Speed wise this tends to be pretty good and since it relies on apply
any parallelization tricks that work with apply
work here.
Optionally if you want it to be robust to multiple dates each with a nested list:
df_new = df.groupby('date').ts.apply(lambda x: pd.DataFrame([item for sublist in x.values for item in sublist]))
at which point the one liner is getting dense and you should probably throw into a function.

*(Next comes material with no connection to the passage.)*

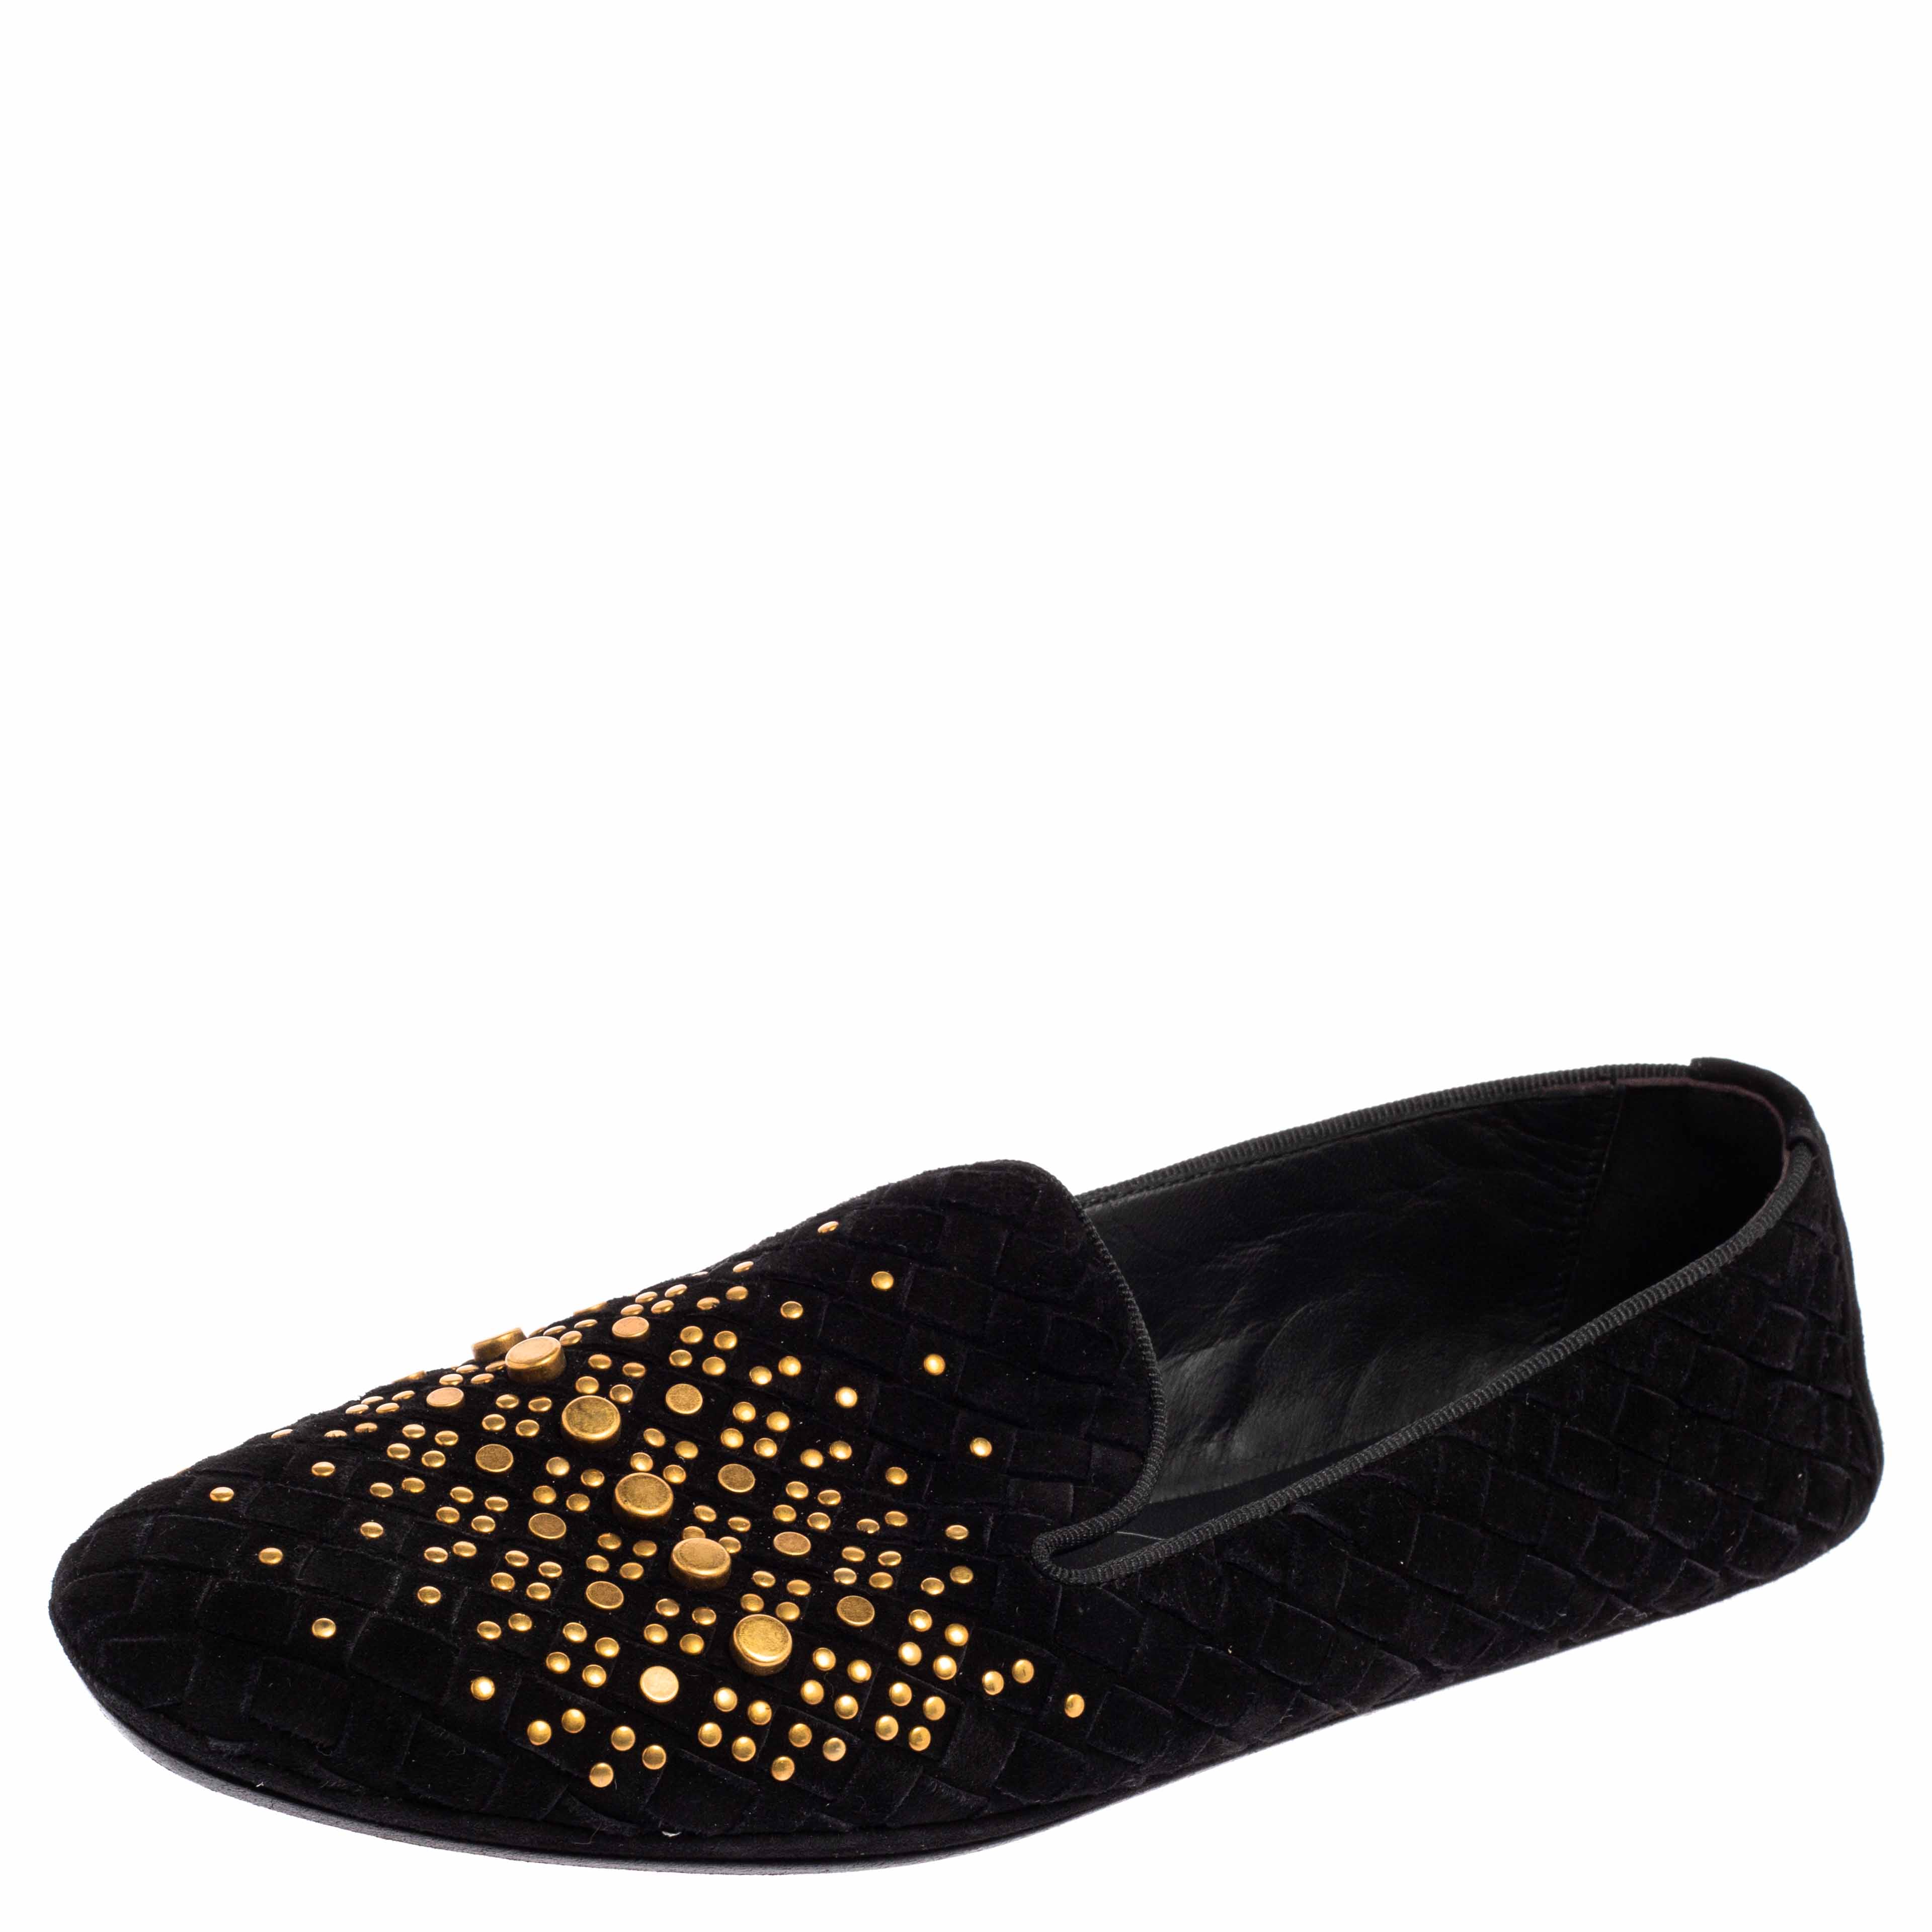 Bottega veneta black interecciato suede studded smoking slippers size 36

The way I did it was split the list into seperate columns, and then melt
ed it to put each timestamp in a separate row.
In [48]: df = pd.DataFrame([[1,2,[1,2,4]],[4,5,[1,3]],],columns=['a','b','TimeStamp'])
...: df
Out[48]:
a b TimeStamp
0 1 2 [1, 2, 4]
1 4 5 [1, 3]
You can convert the column to a list and then back to a DataFrame
to split it into columns:
In [53]: TScolumns = pd.DataFrame(df.TimeStamp.tolist(), )
...: TScolumns
Out[53]:
0 1 2
0 1 2 4
1 1 3 NaN
And then splice it onto the original dataframe
In [90]: df = df.drop('TimeStamp',axis=1)
In [58]: split = pd.concat([df, TScolumns], axis=1)
...: split
Out[58]:
a b 0 1 2
0 1 2 1 2 4
1 4 5 1 3 NaN
Finally, use melt
to get it into the shape you want:
In [89]: pd.melt(split, id_vars=['a', 'b'], value_name='TimeStamp')
Out[89]:
a b variable TimeStamp
0 1 2 0 1
1 4 5 0 1
2 1 2 1 2
3 4 5 1 3
4 1 2 2 4
5 4 5 2 NaN
Probably not the best way from performance perspective, but still, you can leverage itertools
package:
from pandas import DataFrame, Timestamp
import itertools
d = {'date': ['4/1/11', '4/2/11'], 'ts': [[Timestamp('2012-02-29 00:00:00'), Timestamp('2012-03-31 00:00:00'), Timestamp('2012-04-25 00:00:00'), Timestamp('2012-06-30 00:00:00')], [Timestamp('2014-01-31 00:00:00')]]}
df = DataFrame(d)
res = df.to_dict()
data = []
for x in res['date'].keys():
data.append(itertools.izip_longest([res['date'][x]], res['ts'][x], fillvalue=res['date'][x]))
new_data = list(itertools.chain.from_iterable(data))
df2 = DataFrame(new_data, columns=['date', 'timestamp'])
print df2
Will print :
date timestamp
0 4/1/11 2012-02-29
1 4/1/11 2012-03-31
2 4/1/11 2012-04-25
3 4/1/11 2012-06-30
4 4/2/11 2014-01-31
This doesn't feel very pythonic, but it works (provided your createDate is unique!)
Apply will only return more rows than it gets with a groupby, so we're going to use groupby artificially (i.e. groupby a column of unique values, so each group is one line).
def splitRows(x):
# Extract the actual list of time-stamps.
theList = x.TimeStamps.iloc[0]
# Each row will be a dictionary in this list.
listOfNewRows = list()
# Iterate over items in list of timestamps,
# putting each one in a dictionary to later convert to a row,
# then adding the dictionary to a list.
for i in theList:
newRow = dict()
newRow['CreateDate'] = x.CreateDate.iloc[0]
newRow['TimeStamps'] = i
listOfNewRows.append(newRow)
# Now convert these dictionaries into rows in a new dataframe and return it.
return pd.DataFrame(listOfNewRows)
df.groupby('CreateDate', as_index = False, group_keys = False).apply(splitRows)
Followup: If CreateDate is NOT unique, you can just reset the index to a new column and groupby that.